Requirement
Output the lines of the listing below exactly, starting at the line containing "Couple Portrait of" and stopping after the last line, with any pictures dropped.

Information supplied
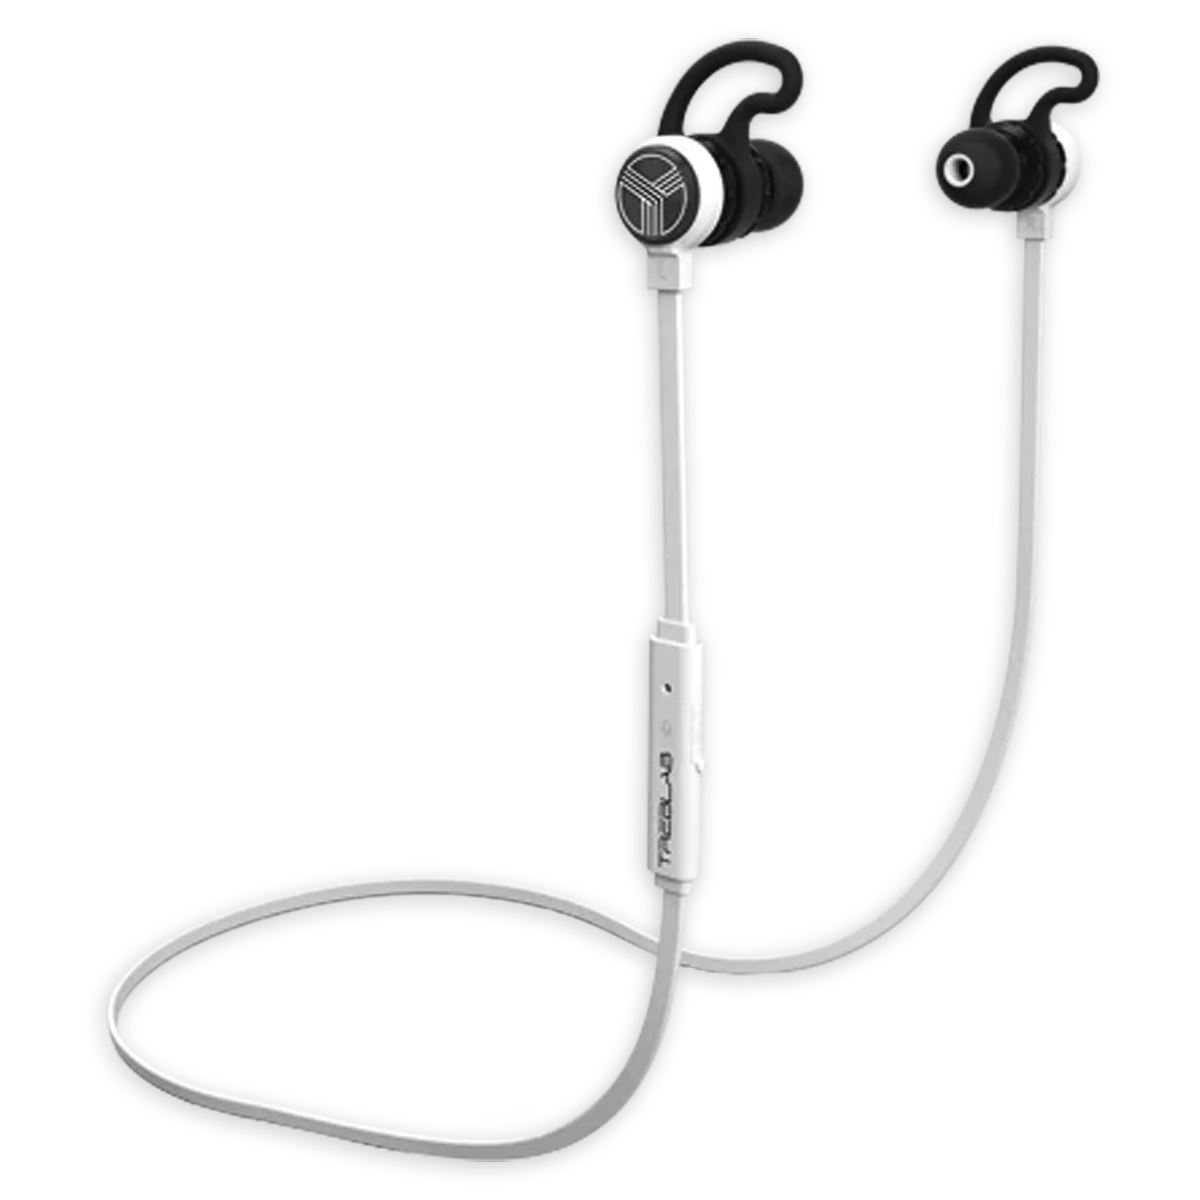 TREBLAB J1 - Best Affordable Sports Earbuds with Ear Hooks
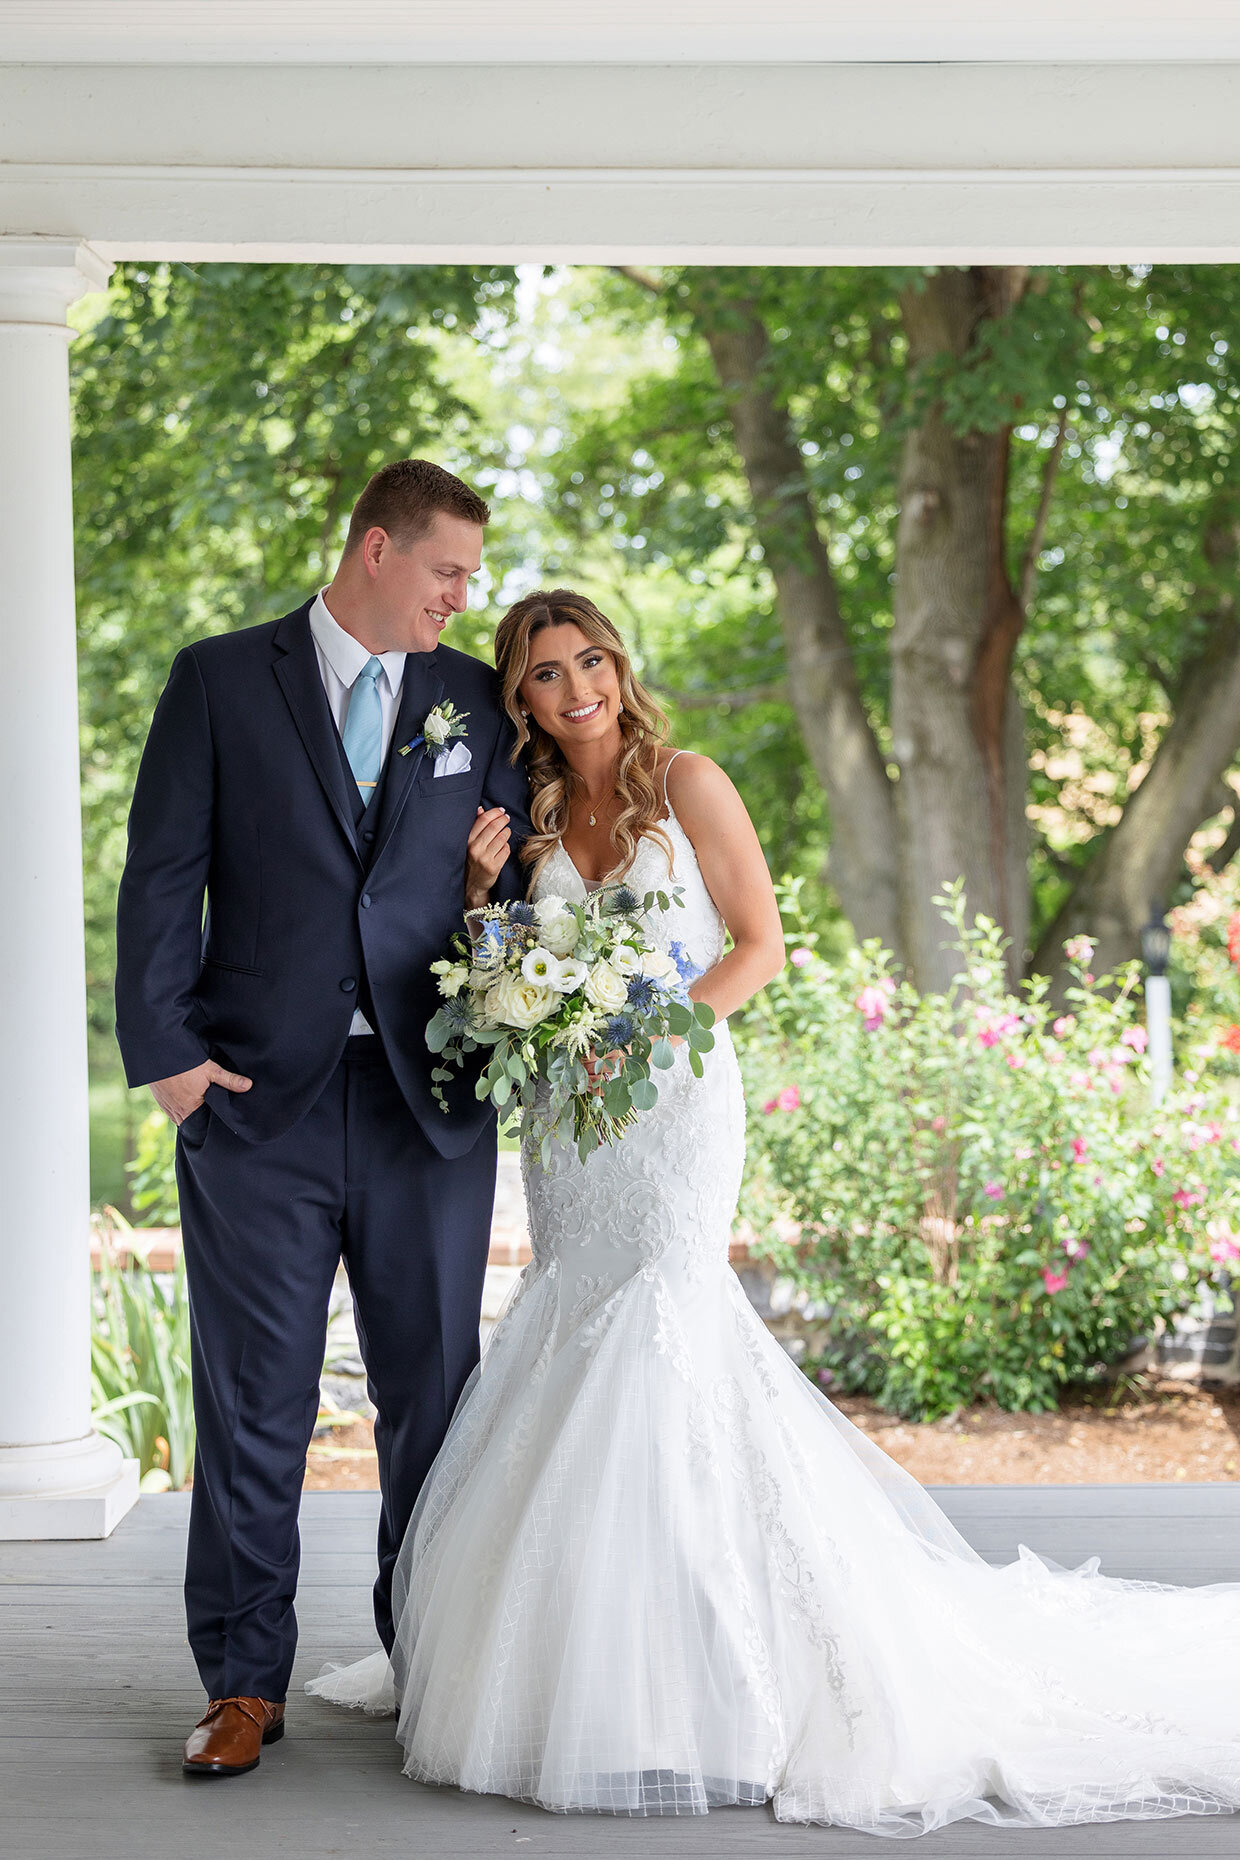 Couple Portrait of Bride and Groom on front porch
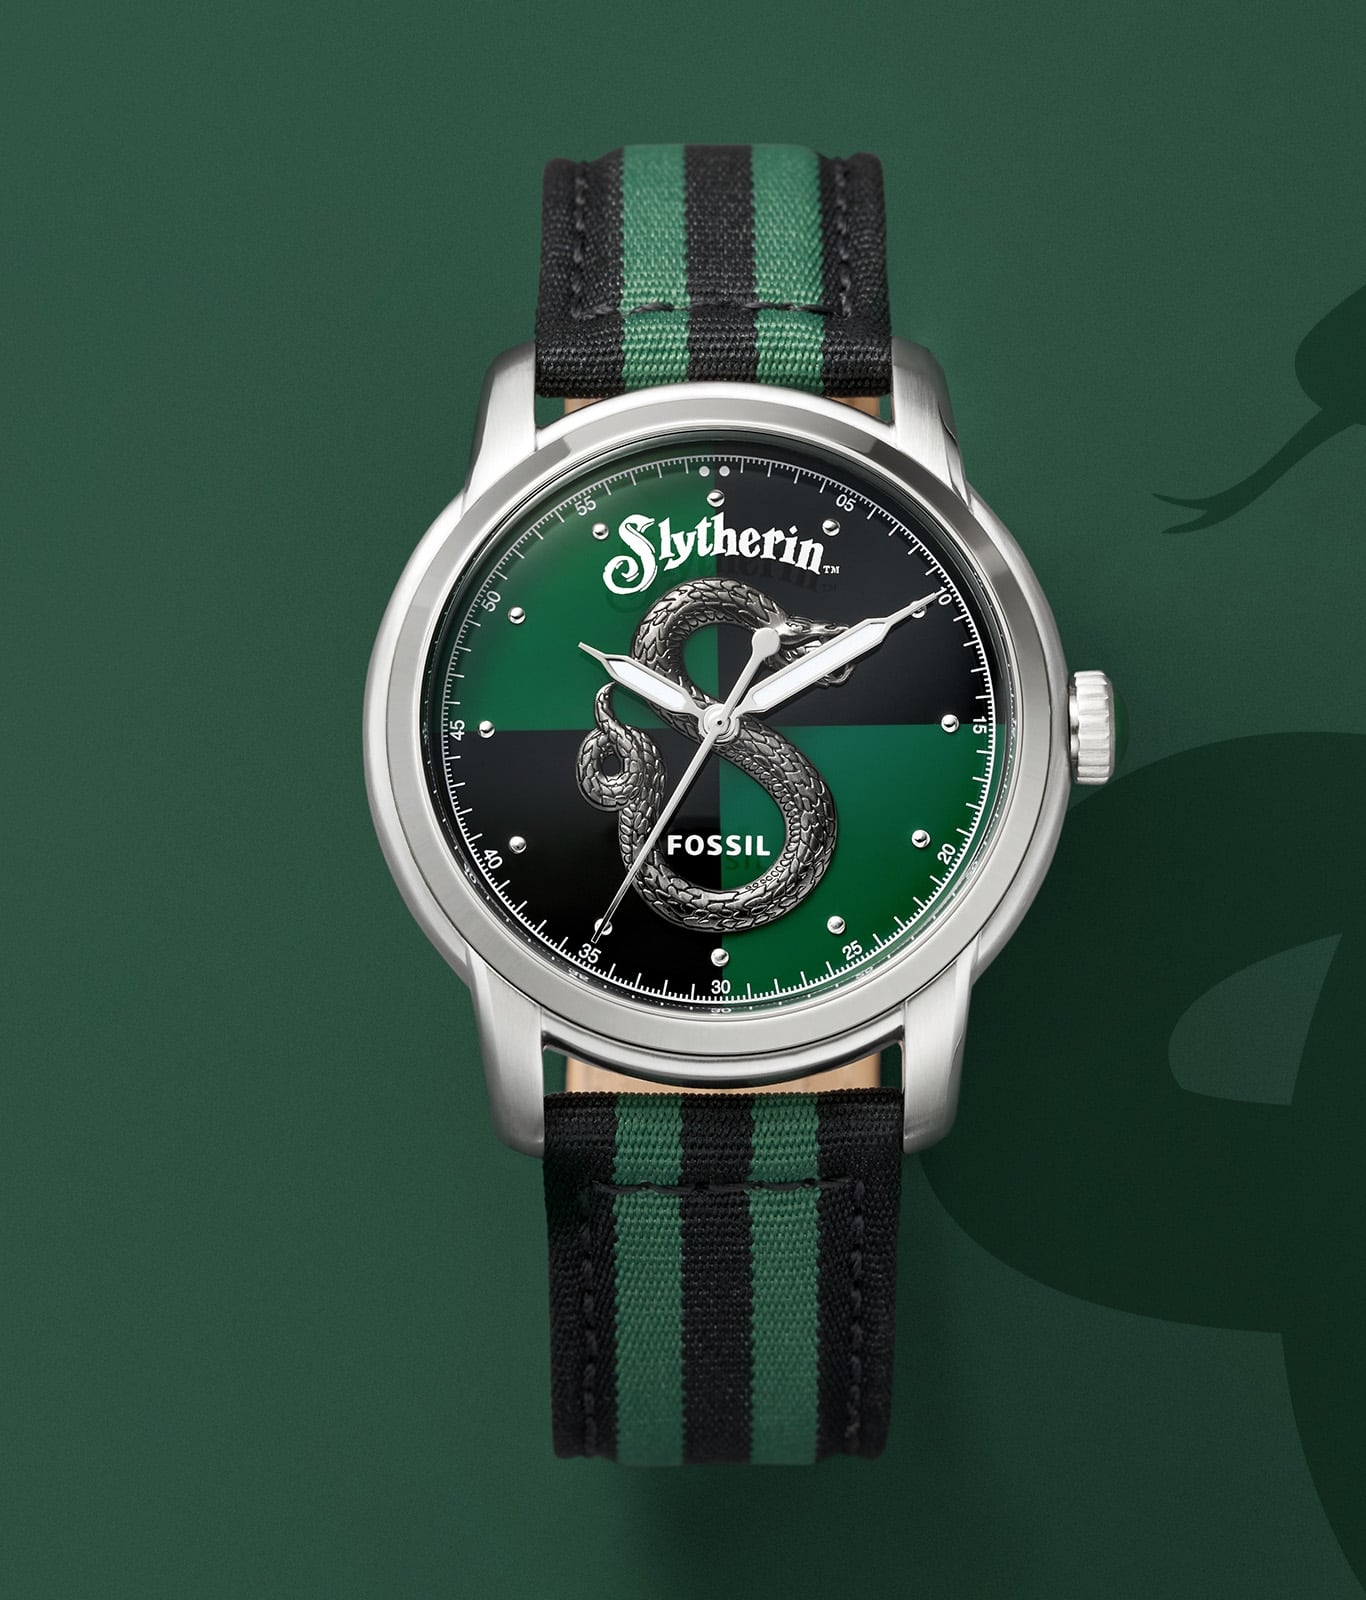 Silver-tone Slytherin house watch with a green and black strap.

Completed exercise
 Couple Portrait of Bride and Groom on front porch
 Silver-tone Slytherin house watch with a green and black strap.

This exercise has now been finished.